Earlier this month, Yair Netanyahu — who goes by Yair Hun on Facebook, using the pre-Hebraicized last name of his mother's father, Shmuel Ben-Artzi – trashed left-wing Israeli nonprofits and several former prime minister's sons.

He was responding to a critical article by Molad, a left-leading Israeli think tank, titled "Five Facts You Didn't Know About Crown Prince Yair Netanyahu." The article questioned the cost of Netanyahu's lifestyle to taxpayers, and noted a Facebook post making the rounds in which Yair's neighbor accused him of flipping her off when she complained that he had not picked up his dog's droppings.

Calling the article "lies and slander," Yair called for investigations into Molad's sources of funding or the alleged illicit behavior of the sons of former prime ministers. Most controversially, he said Ariel Olmert, the son of Ehud Olmert, had "an interesting relationship with a Palestinian, that could have had national security implications," apparently referring to rumors that Ariel Olmert had an affair with an East Jerusalem man.

Netanyahu ended the post by saying, "I have a message for all the members of the Israel Destruction Fund and their metastases," playing on the Hebrew name of the New Israel Fund.

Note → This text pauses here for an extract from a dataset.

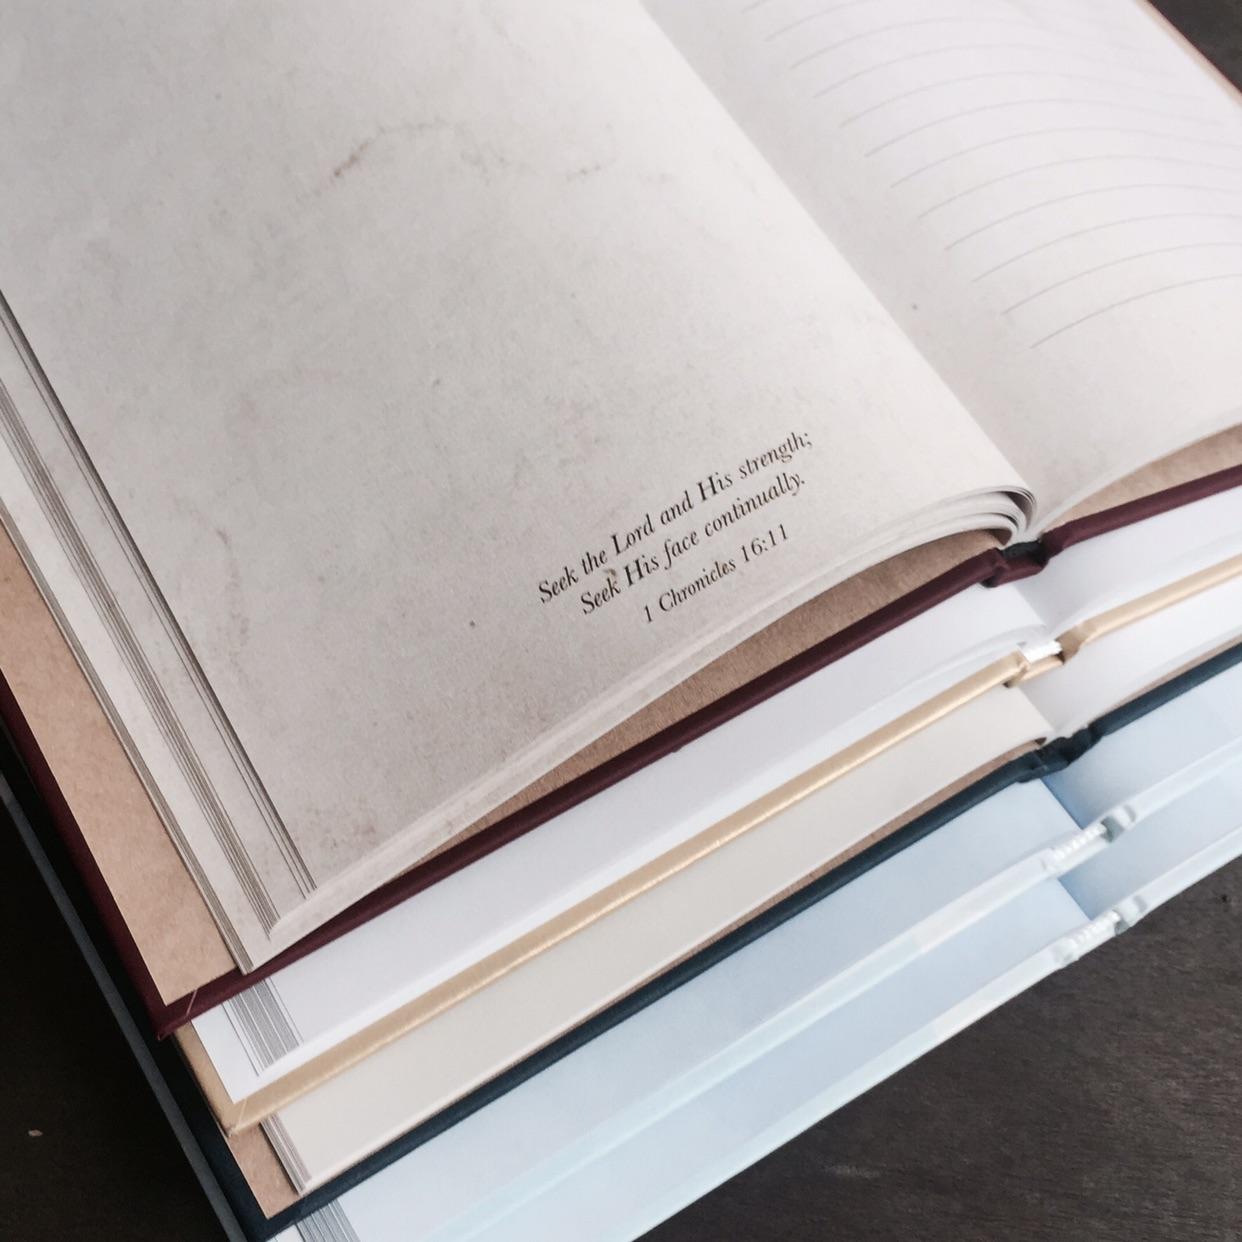 christian journals inspiring faith bible habits

He then typed emojis of a hand giving the middle finger and a smiling poop.

Ariel Olmert responded with a Facebook post criticizing Netanyahu as an adult living at the prime minister's residence, using a state-funded driver and security guards and spending time with millionaires. "Unlike you," Olmert said, "I actually work for my living. I also make an effort to pick up my dog's poop."

Both he and Molad threatened to sue Netanyahu. Molad made good on the threat. The Hebrew media had a field day, with two leading papers running cartoons with caricatures of Netanyahu and poop emojis.

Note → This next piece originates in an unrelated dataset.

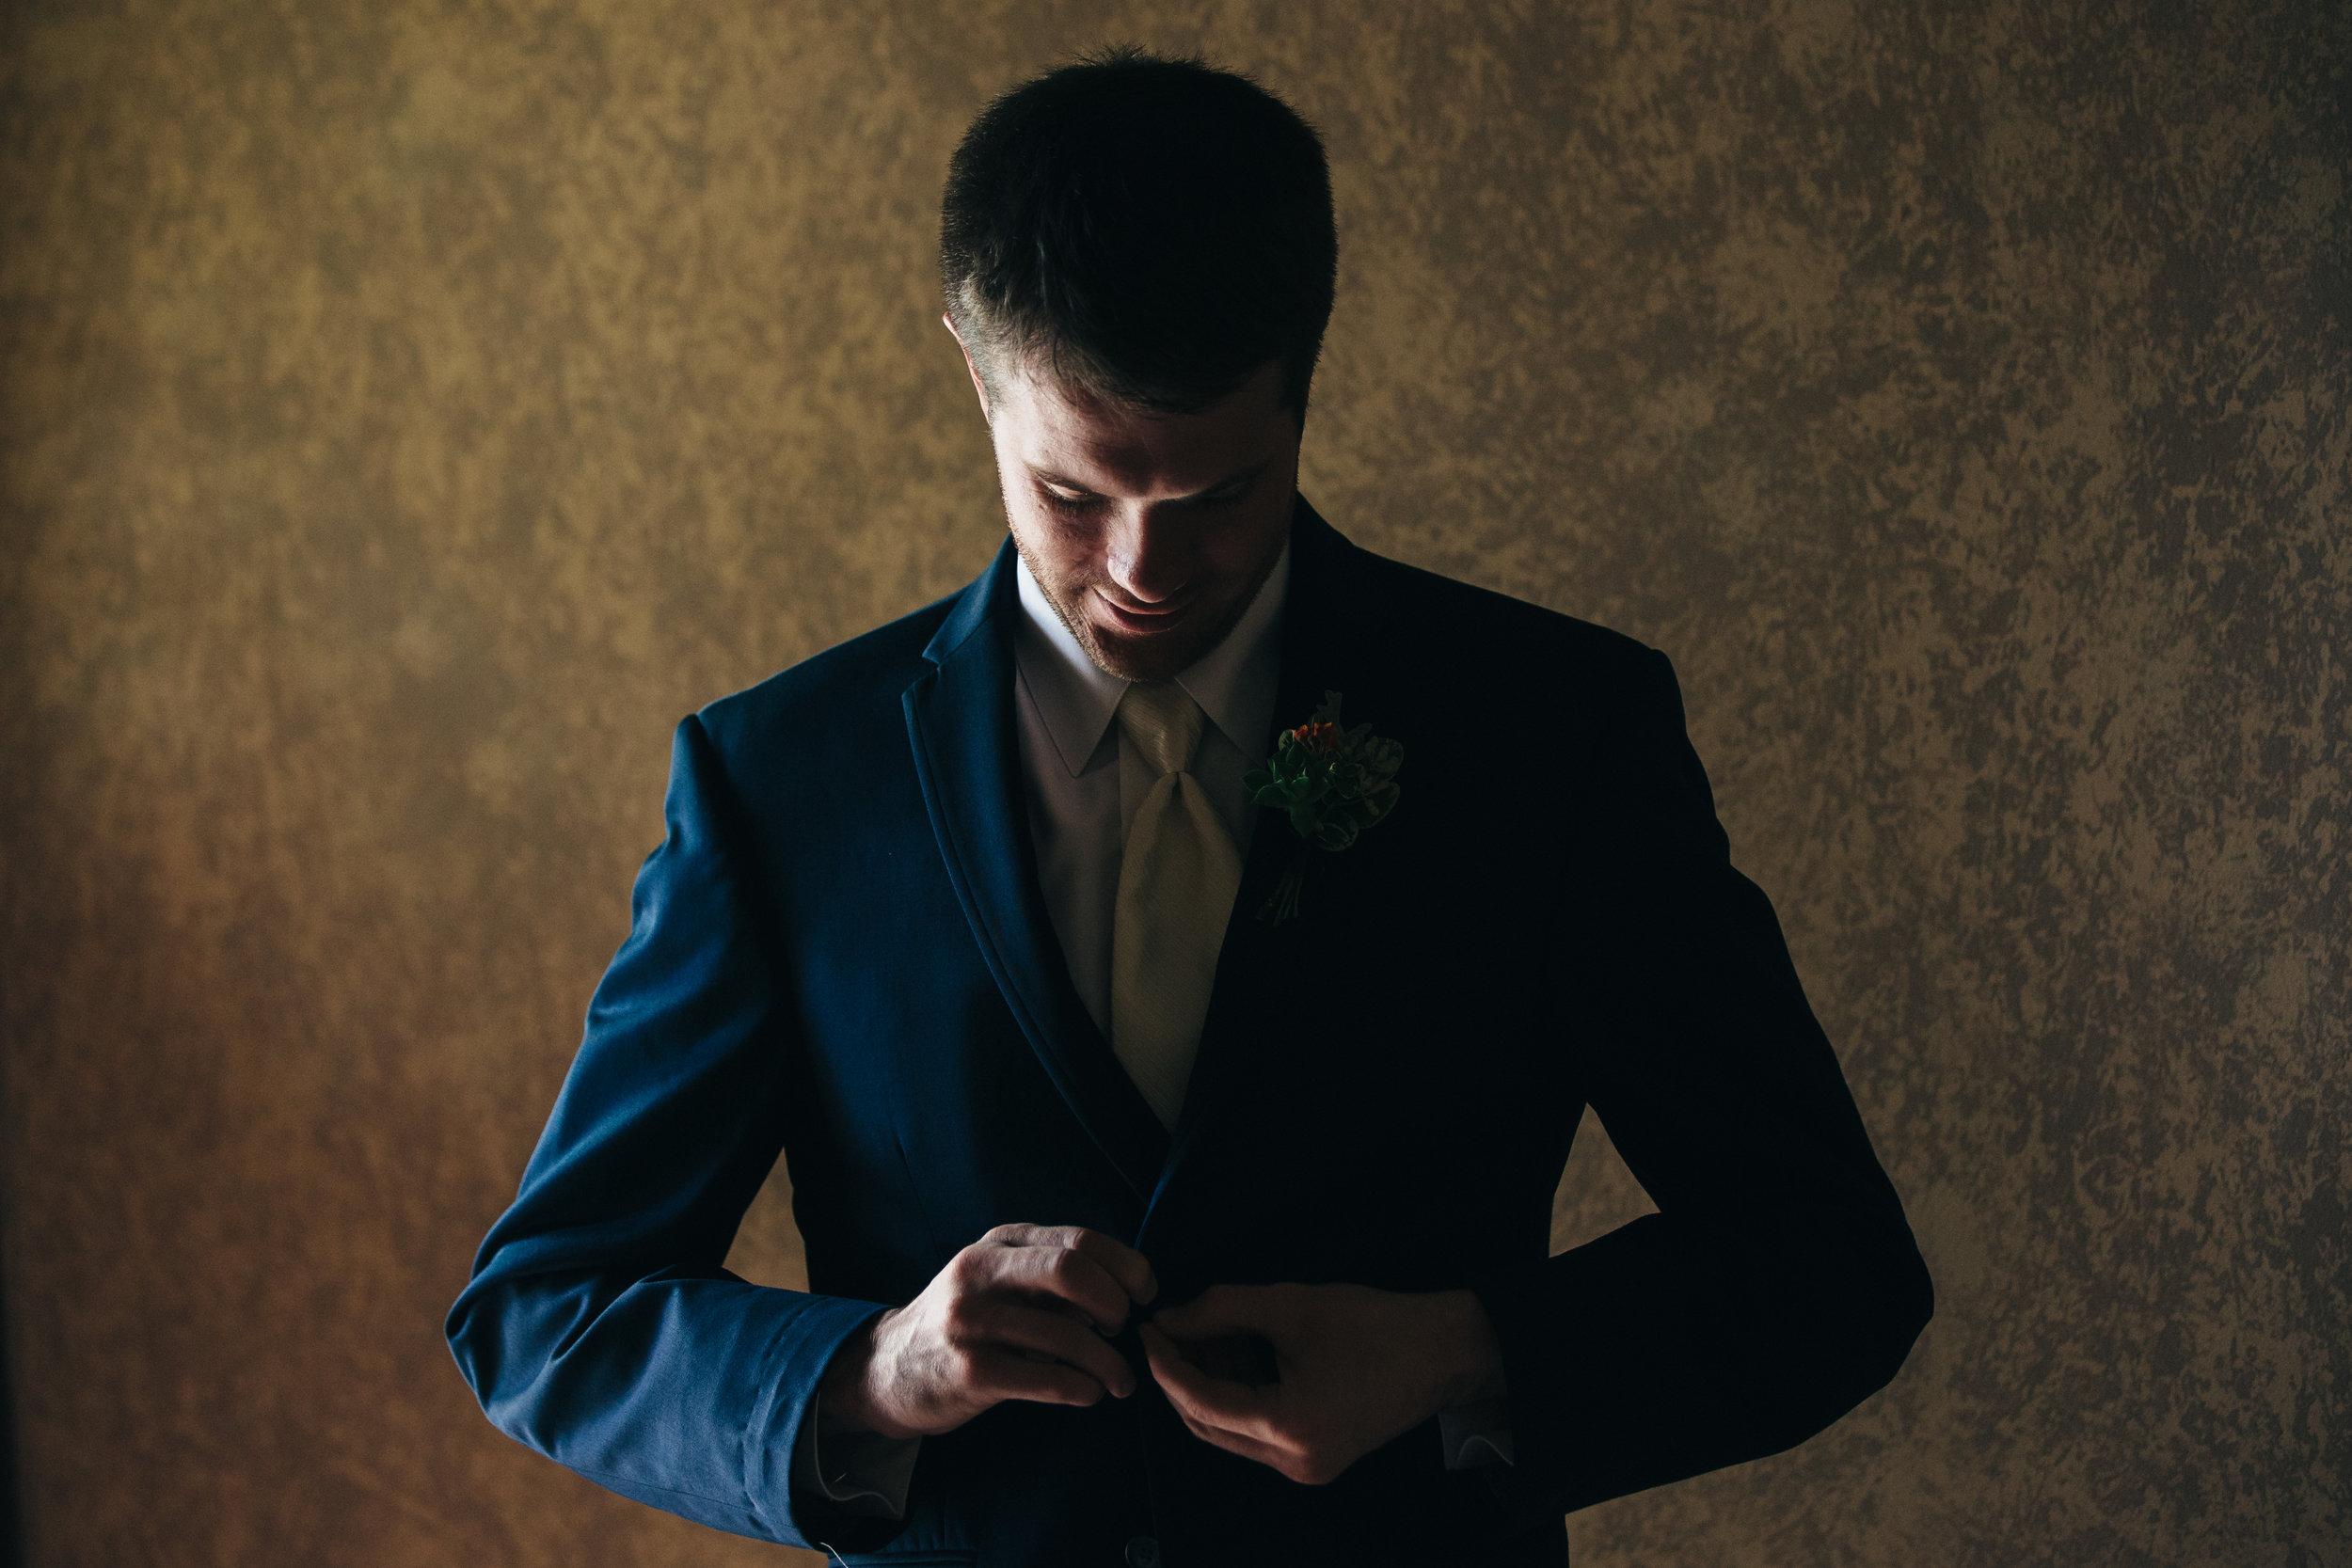 Groom getting ready for wedding day

While Netanyahu's public timeline only goes back a few weeks, his Facebook activity has been getting him in trouble for years. In 2011, when he was doing his mandatory military service in the Israel Defense Forces Spokesperson's Unit, Netanyahu complained on the social media platform that soldiers need to do weekend duty "because of those damned Palestinians." After a report that criticized his mother, he wrote: "I hate the damned media." After that post, his Facebook page was temporarily deleted.

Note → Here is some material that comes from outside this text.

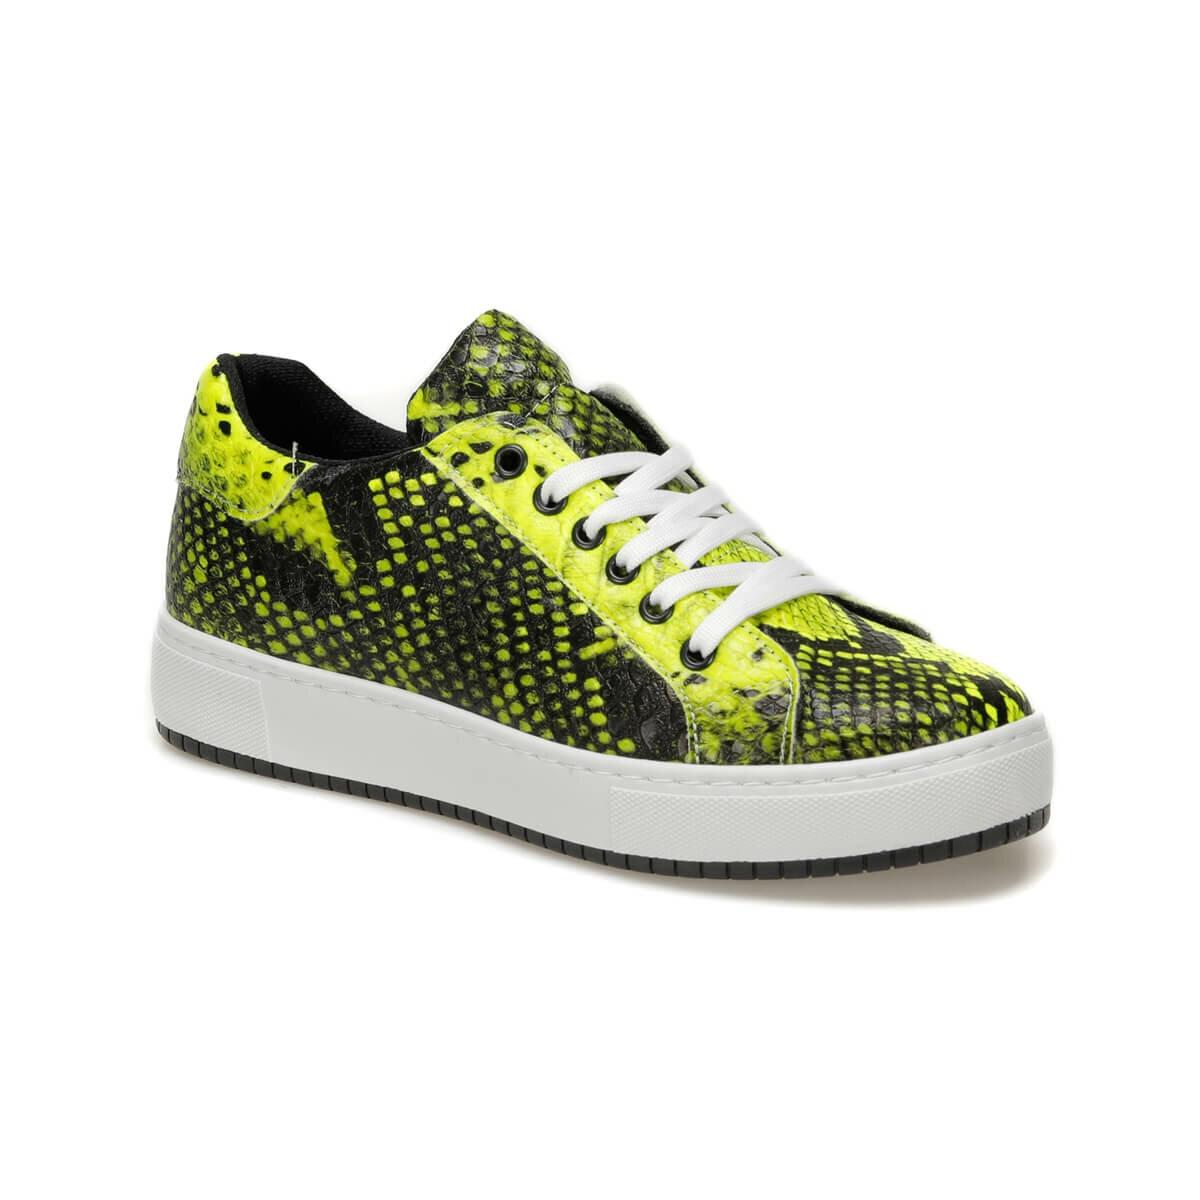 FLO LARUE21Z SKIN Black Women 'S Sneaker Shoes BUTIGO

But by 2015, according to Hebrew reports, Netanyahu was helping to steer his father's media strategy in the national elections. With the help of a last-minute social media campaign — including the controversial Facebook warning that the Arabs were voting "in droves" — Binyamin Netanyahu defied the polls and held on to his seat.

Since then, Yair Netanyahu's influence with his father has reportedly grown. The media have lately made much of the sway he and his mother, Sara Netanyahu, allegedly hold over the prime minister.

For his part, the prime minister has often complained about the media's unforgiving coverage of his wife and two sons, recently railing against "fake news" and "leftists." At a rally last week in Tel Aviv, he called the corruption investigations that threaten to oust him from power "an obsessive witch-hunt against me and my family." But in a leaked statement Wednesday from sources close to Binyamin Netanyahu, the prime minister distanced himself from his son's statement, saying, "Yair is an adult and his views are his alone."